__TASK REQUIREMENTS__: Reproduce, exactly and in full, the lines from the one with "Me with my cat" through the one with "Farberware Classic Saute" in the data below; drop pictures.

__DATASET EXTRACT__:
>>>>

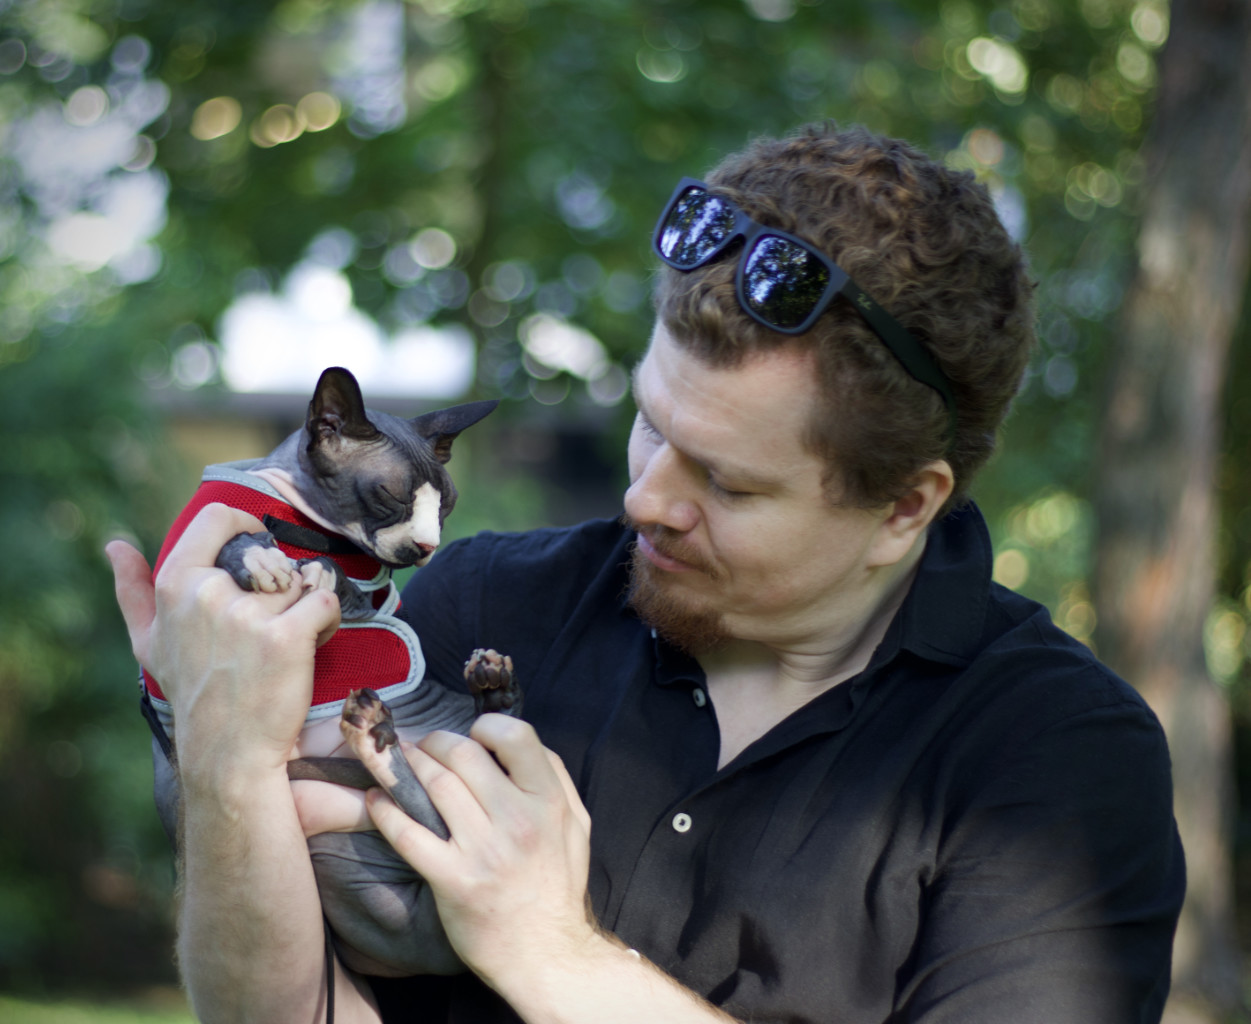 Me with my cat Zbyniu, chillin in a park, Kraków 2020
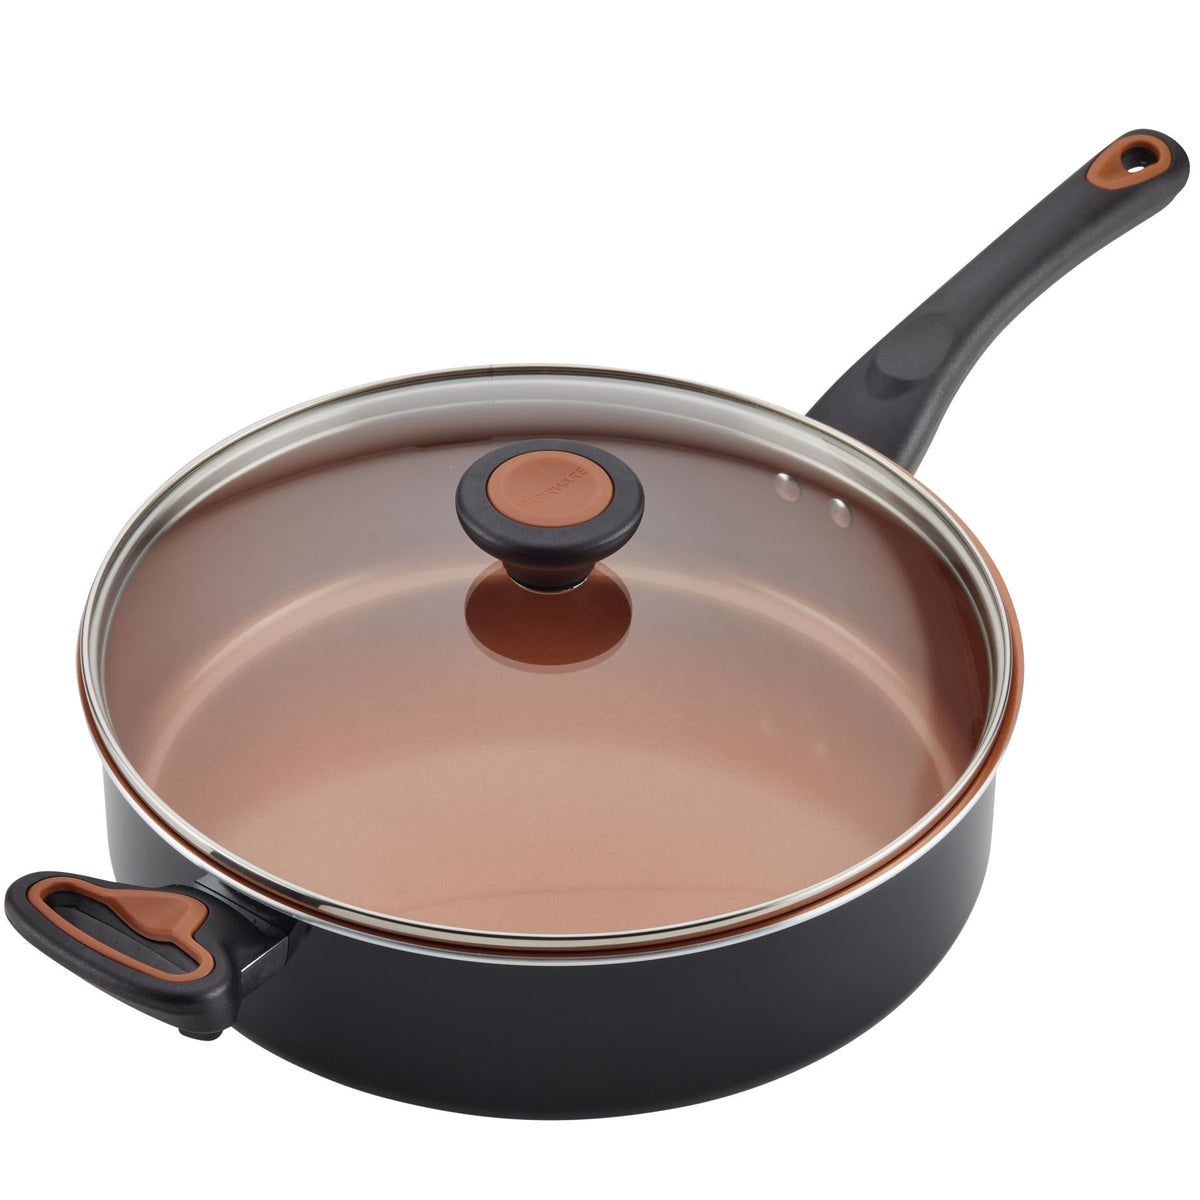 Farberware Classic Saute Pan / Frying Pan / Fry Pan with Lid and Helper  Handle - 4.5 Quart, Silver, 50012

<<<<
>>>>

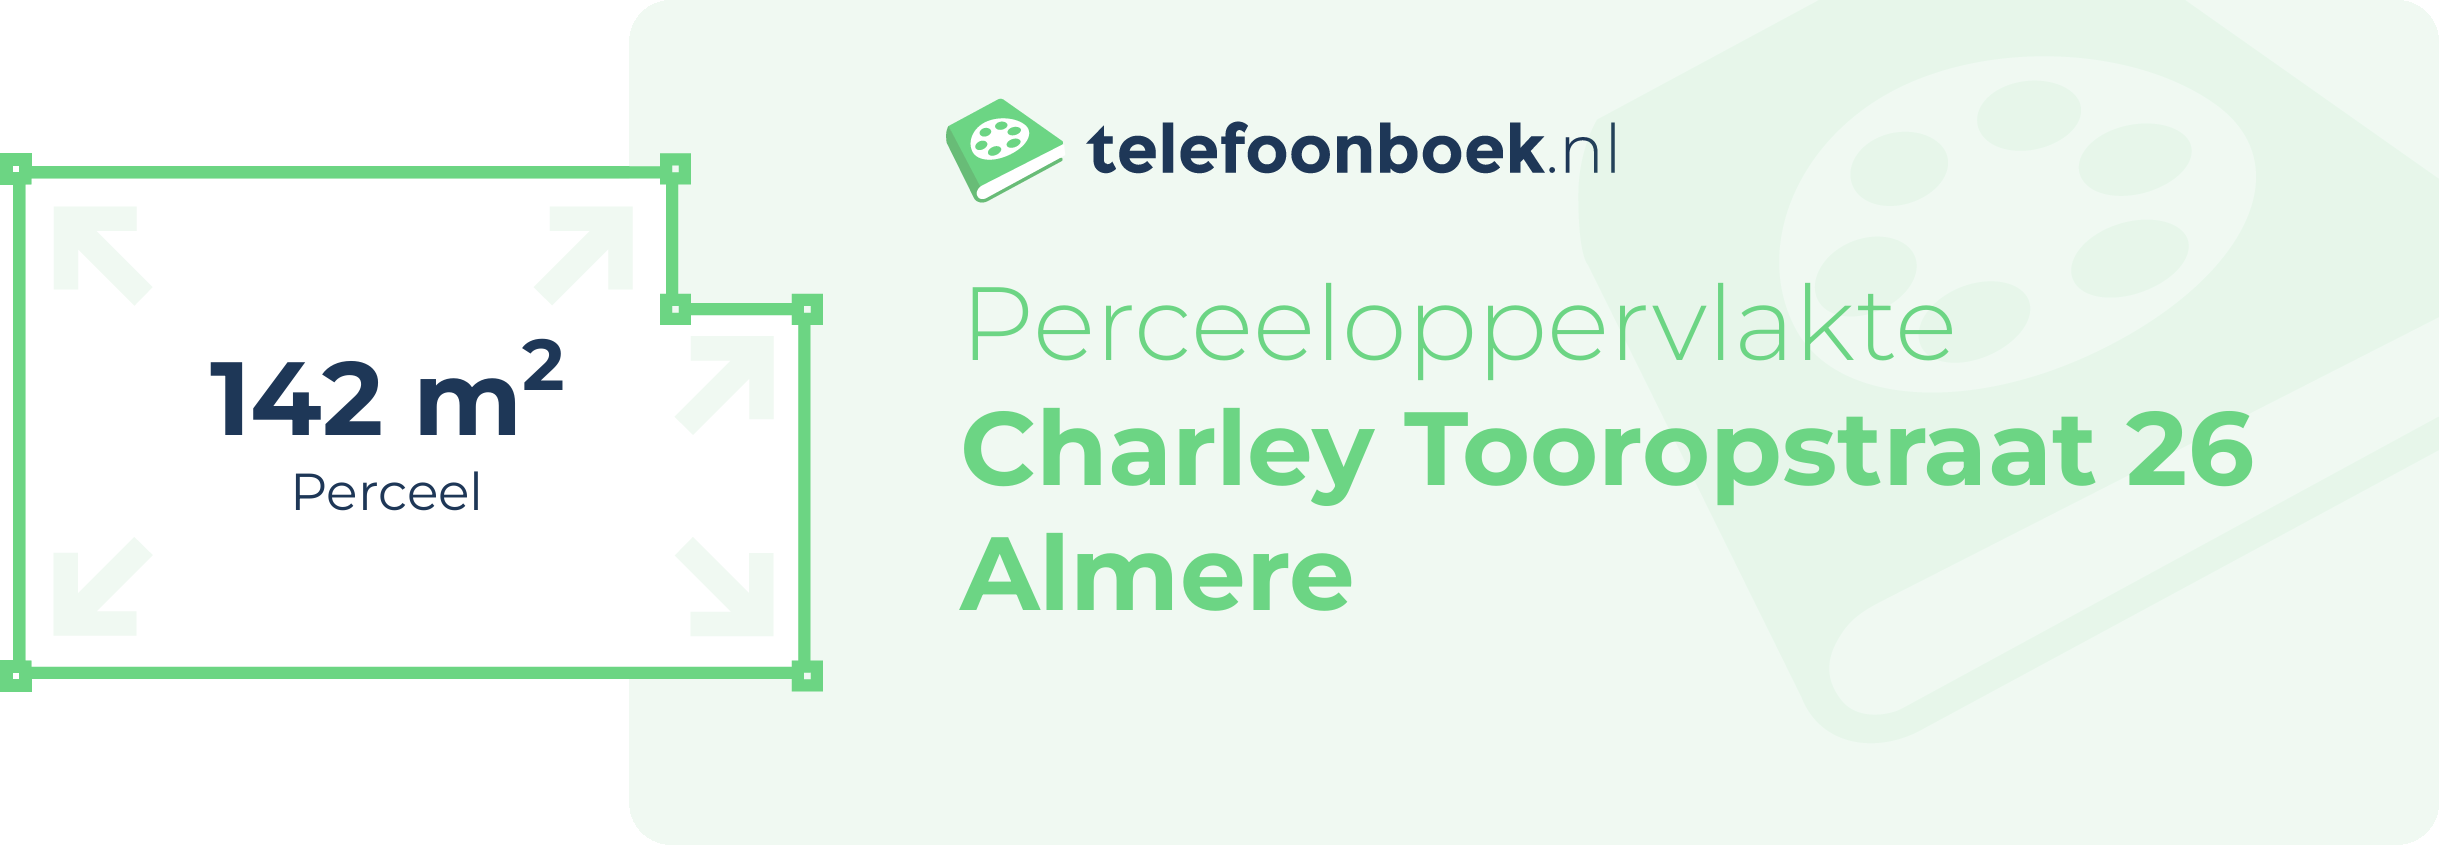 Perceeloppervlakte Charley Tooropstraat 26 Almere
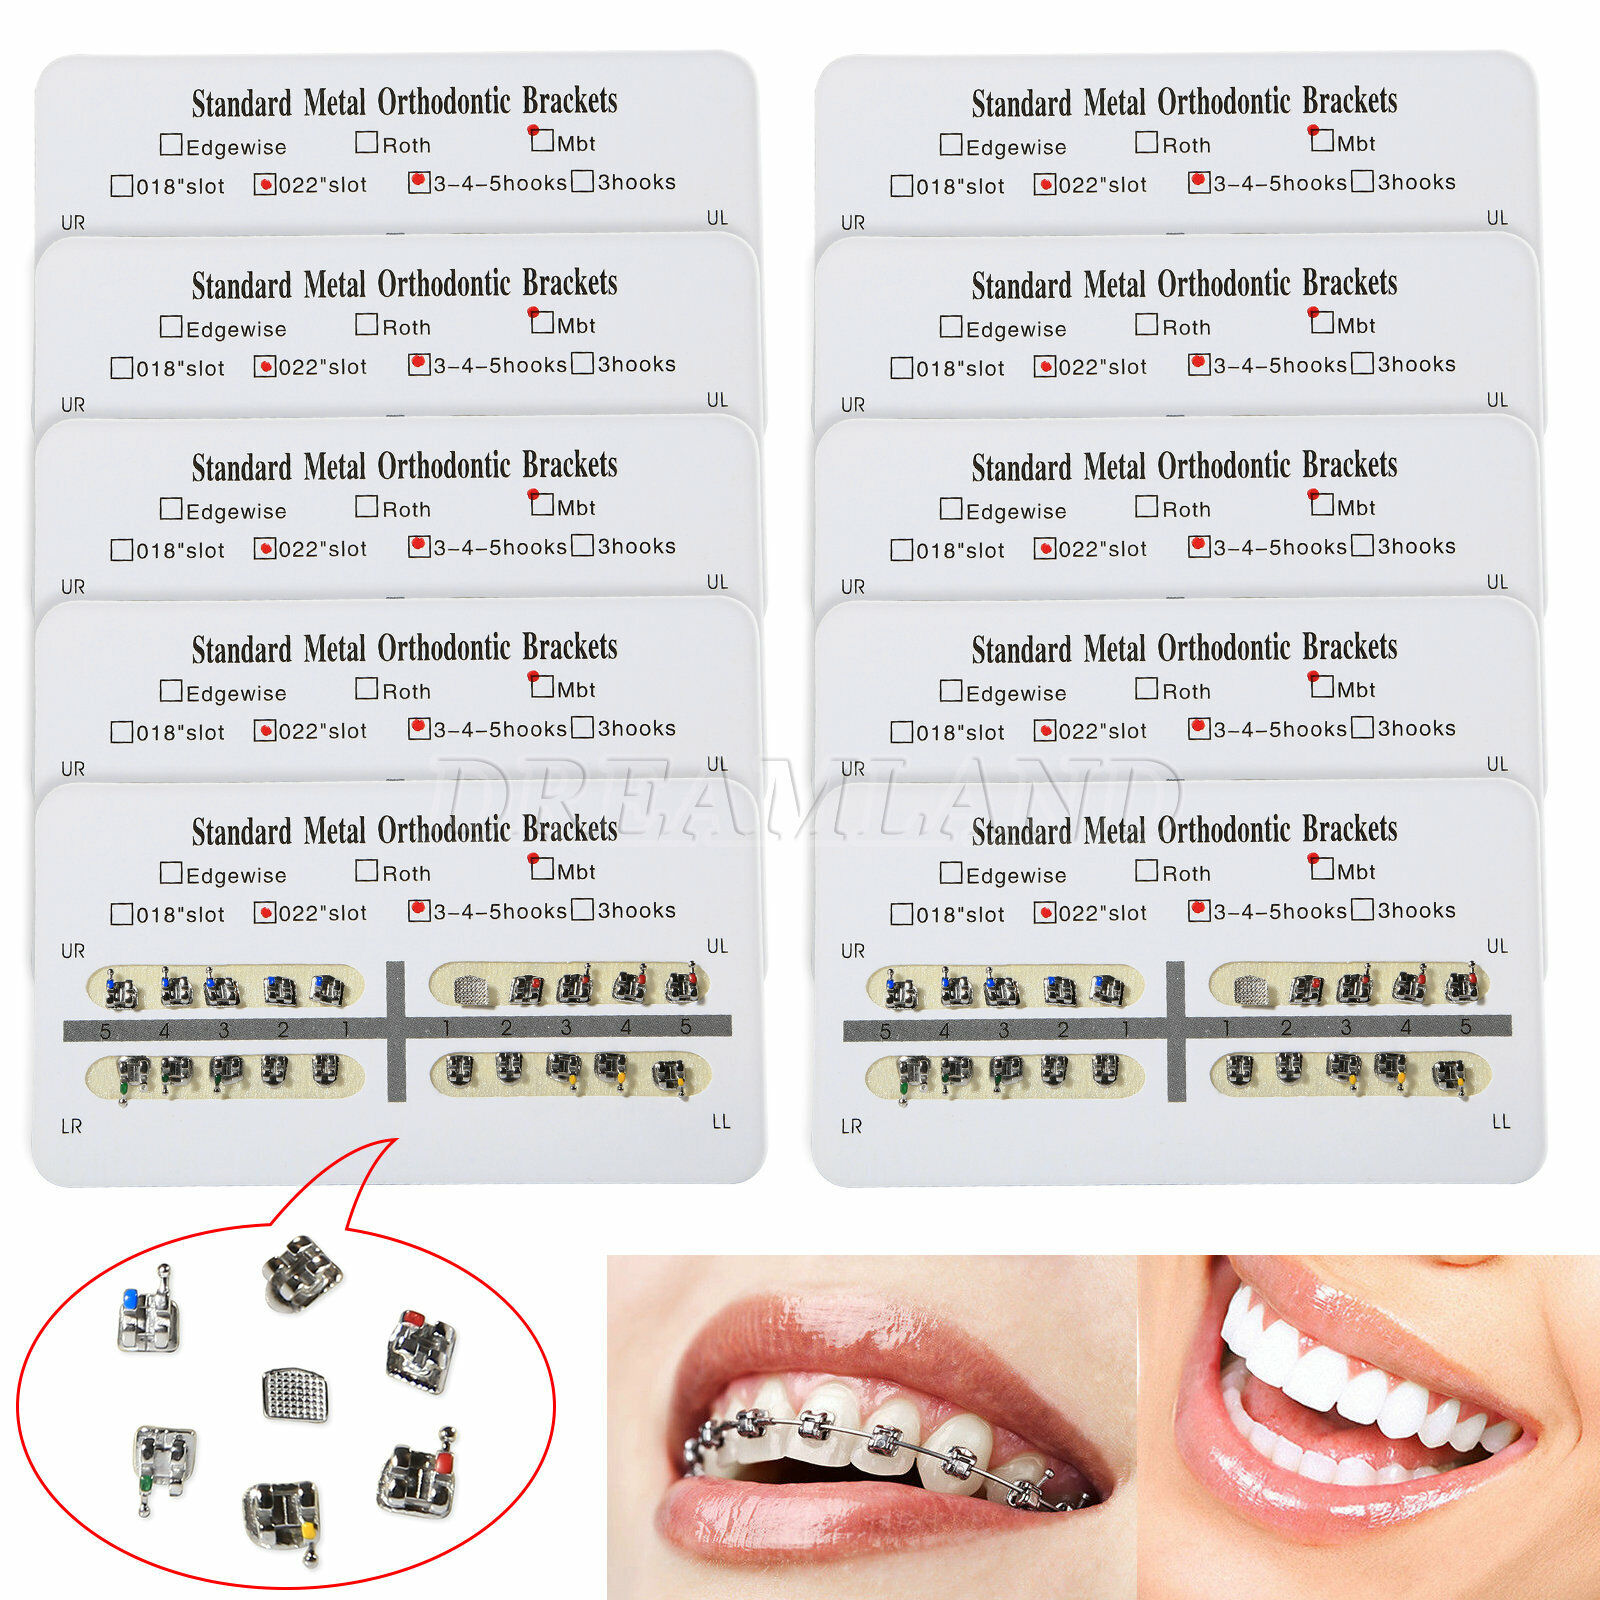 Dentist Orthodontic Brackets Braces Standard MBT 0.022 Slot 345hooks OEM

<<<<
>>>>

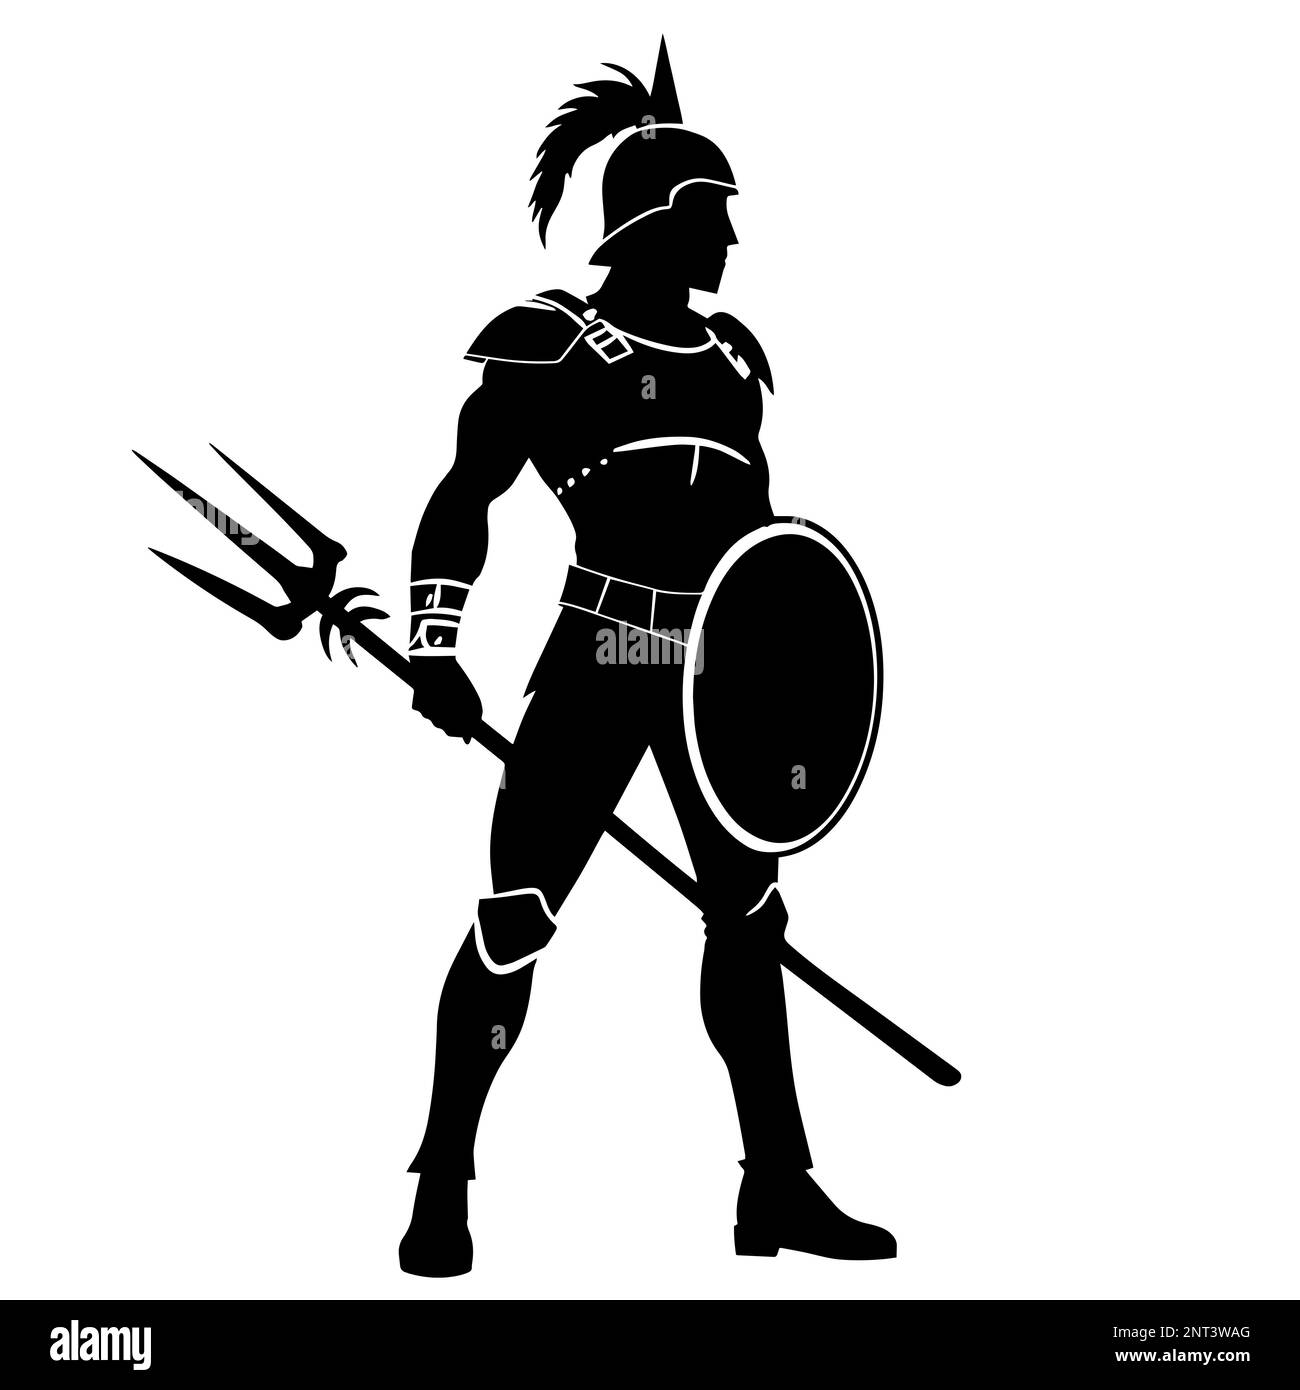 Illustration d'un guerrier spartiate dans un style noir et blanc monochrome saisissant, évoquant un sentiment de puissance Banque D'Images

<<<<

__TASK RESPONSE__:
 Me with my cat Zbyniu, chillin in a park, Kraków 2020
 Farberware Classic Saute Pan / Frying Pan / Fry Pan with Lid and Helper  Handle - 4.5 Quart, Silver, 50012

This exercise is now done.